Silence was his only answer from the sleeping woman, and the night danced silently on as he brooded over his prized gem. When night had finally left and the sun intruded into the rustic bedroom with her spears of light, BlowingWind rolled over again. Restless legs stretched out from the ball she had curled into, bringing the blankets down and exposing her once more to his penetrating stare. The itch on her skin that his gaze produced caused blinking and bleary eyes to search for the irritant.
Ah! You didn’t stare at me all night, did you Ryu?
I prefer to think of it as ‘brooding.’ It’s a dragon thing.
You should have slept, dragon.
I got more than enough yesterday. Even in this shape I don’t require as much rest as you do.
Ryu watched her lips purse, biting back whatever comment had been about to spew out. Judging by the glints in her sapphire eyes, it had packed an edge that would have equaled his sword.
Not a morning person I see. I thought your previous ill temper with me was just a result of your hormones.
BlowingWind burrowed back under the covers before replying.

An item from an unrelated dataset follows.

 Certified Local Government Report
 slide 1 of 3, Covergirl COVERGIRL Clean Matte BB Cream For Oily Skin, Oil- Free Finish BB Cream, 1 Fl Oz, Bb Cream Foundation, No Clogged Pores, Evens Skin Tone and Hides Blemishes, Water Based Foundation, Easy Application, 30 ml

Annoying Japanese dragon, scaly coyote, stalker, sicko.
I love you too my unwilling wife. I’ll be making breakfast while you work out your ‘grouchiness’ my dear.
Ryu smirked as he got up and made his way to the kitchen, remembering how shattered her soul had been when their paths first crossed and pleased at her progress. After she had reintegrated her wisdom aspect, she had slept for a week and then ran away the very next day after she had awoken. It had been interesting to hunt her through the forest and ultimately capture her, storming the castle of her heart, even though she did not like admitting she had a soft spot for him.
Safely in the kitchen from her wrath now, he gazed sadly into the refrigerator and mused aloud as he drew out a carton of eggs and some chopped venison. Such a complicated woman. But there is still so much of her spirit left to find and return, and we have her new life to set up.
He set them on the counter before reaching up to where a frying pan was waiting to be pulled down.
You mean I have my new life to set up. Not you.
BlowingWind had stressed the singular, and her entrance into the kitchen pulled Ryu out of his thoughts. He said nothing in reply to her as he placed the venison and eggs into the pan. She sniffed as she sat at the table, trying to hide how hungry she was, the eggs and meat beginning to sizzle as she made herself comfortable at the table.
God, I need some coffee, Ryu. My classes start in March, and I need to get an apartment near the University. I need a job too, so I can support myself.
You fell asleep right after dinner last night, so we didn’t get to talk much after your extremely long bath. What University?
Hokkaido University. I’ve got a spot at the new Fukuhaku campus.
I’m not familiar with that campus. Is it new?
A silence stretched between the pair as BlowingWind fell into a trance while gazing at the table. Ryu let it be as he scrambled their eggs and mixed in now cooked bits of venison. Shortly, breakfast was ready, and served with the ever-present rice and tea.
Frowning in concern, he leaned over her and whispered into her ear. Wind-chan, are you all right?
BlowingWind snapped from her trance, sighing when reality caught back up to her and her plate was placed on the table so that Ryu could touch her forehead. She waved a hand in irritation at his touch.
Yes, I’m fine Ryu. Just a little distracted.
Ryu sat down across from her, his scarlet and yellow silk kimono blazing around him, contrasted starkly by the unruly and slightly spiky hair that was cut short on his head. Melted chocolate eyes locked with BlowingWind’s glaciers. After a moment, he picked up a pair of chopsticks and began to eat. BlowingWind ate her own fare, her eyes focused far away and not seeing the nutritious food she had been prepared.
We will go collect your things from the lower shrine today.
He assured softly, believing that was what had been on her mind.